Fifth, Trump is moving in the opposite direction from Obama on energy and climate, as reflected in the U.S. First Energy Plan released immediately following his assumption of office as well as the annual budget outline and the Presidential Executive Order on Promoting Energy Independence and Economic Growth issued in March 2017. First, Trump calls for American energy independence. The Trump administration has taken steps to promote the development of domestic U.S. energy, remove regulations that fetter the operation of the energy industry, lower energy prices, reduce oil imports, continue the shale gas revolution, and revive the controversial Keystone XL and Dakota Access pipelines, which were blocked by the Obama administration.
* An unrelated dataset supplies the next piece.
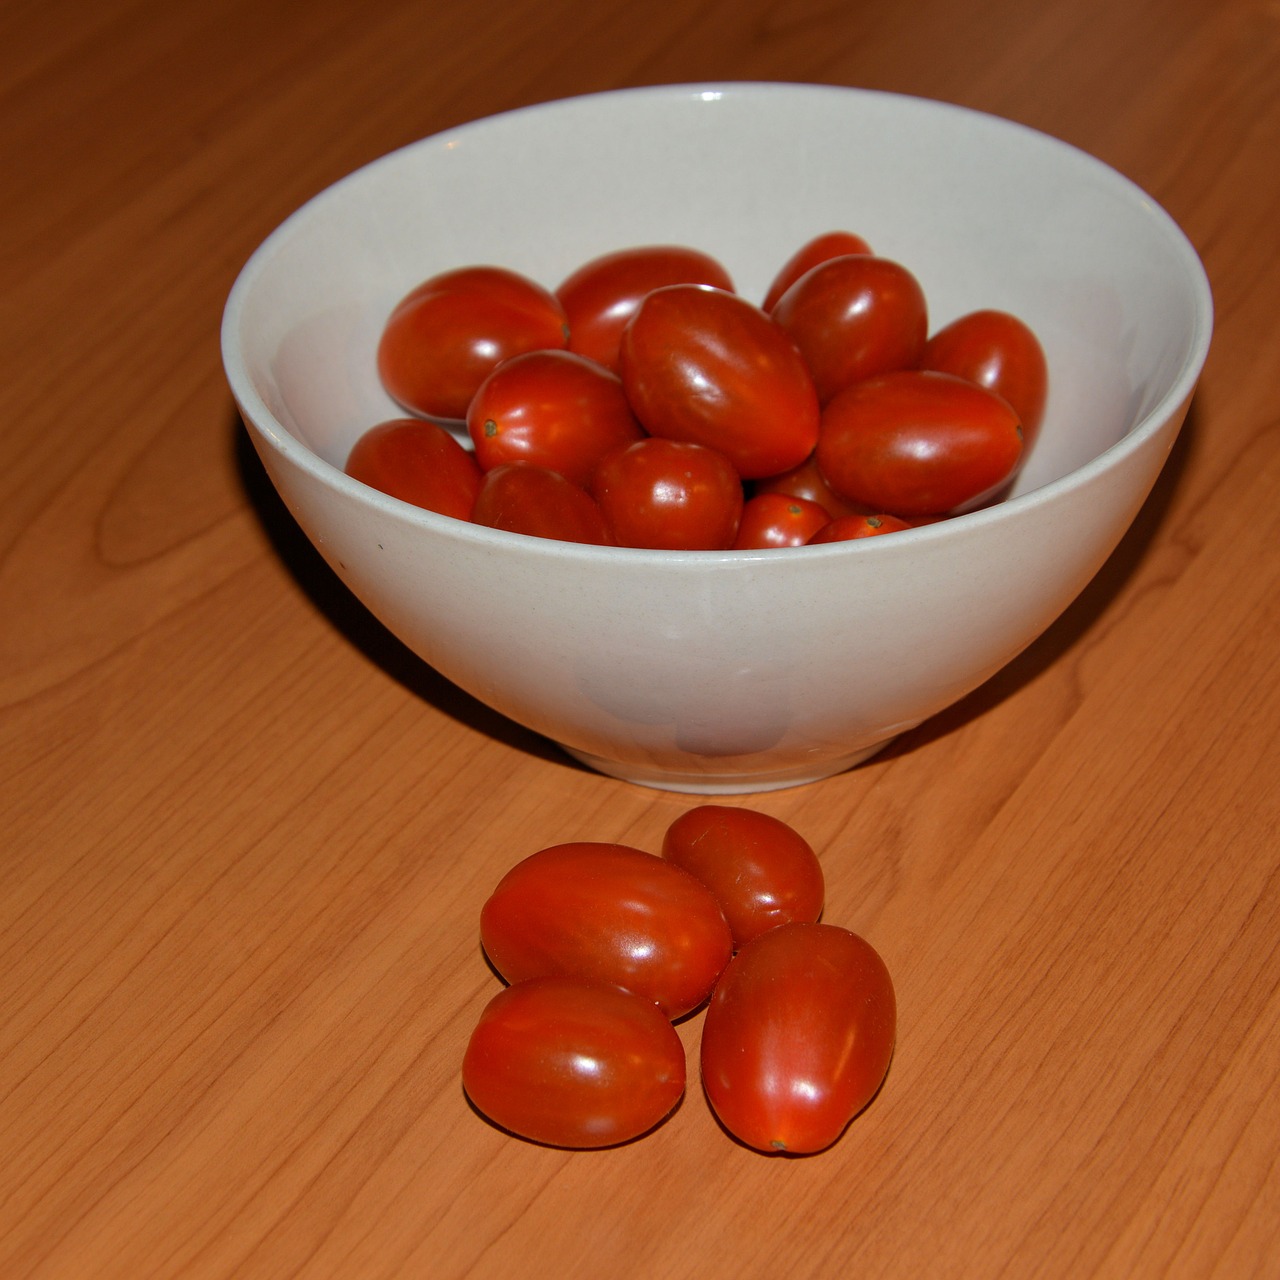 snack tomatoes mini tomatoes tomatoes free photo
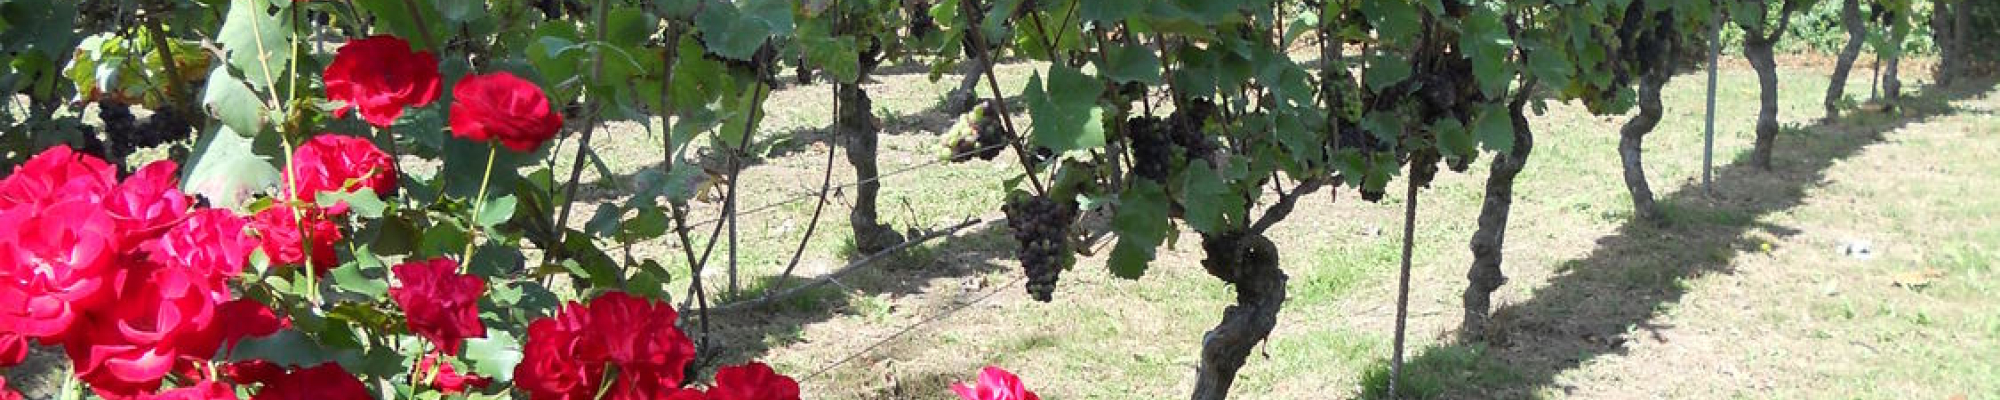 wijnranken en bloemen in de wijngaard den eik

On June 29, 2017, Trump announced a series of energy initiatives, including revisiting the current U.S. nuclear energy policy and supporting the construction of U.S. coal plants overseas. The Trump administration pledged to increase investment to ensure the share of nuclear power in the electric power sector. The Trump administration also said it would invest $120 million in the Yucca Mountain Nuclear Waste Repository in Nevada. The nuclear waste site was axed by Obama .
Second, the Trump administration seeks to drive economic and job growth by promoting the development of the energy sector. Trump is on a mission to rebuild roads, schools, bridges, and other public projects with money from the energy sector, promote the application of clean coal technologies, and revitalize the coal industry to drive job growth. According to the policy, the Trump administration will raise more than $36 billion in federal revenue by selling off energy resources and infrastructure and stepping up the development of oil and gas resources over the next 10 years; it will also provide federal funding to oil and gas drilling and the sale of oil and gas drilling leases will generate $1.8 billion in federal revenue by 2027. In the meantime, it also proposed diverting 37% of the federal revenues from oil and gas drilling in the Gulf of Mexico to Louisiana, Texas, Mississippi and Alabama .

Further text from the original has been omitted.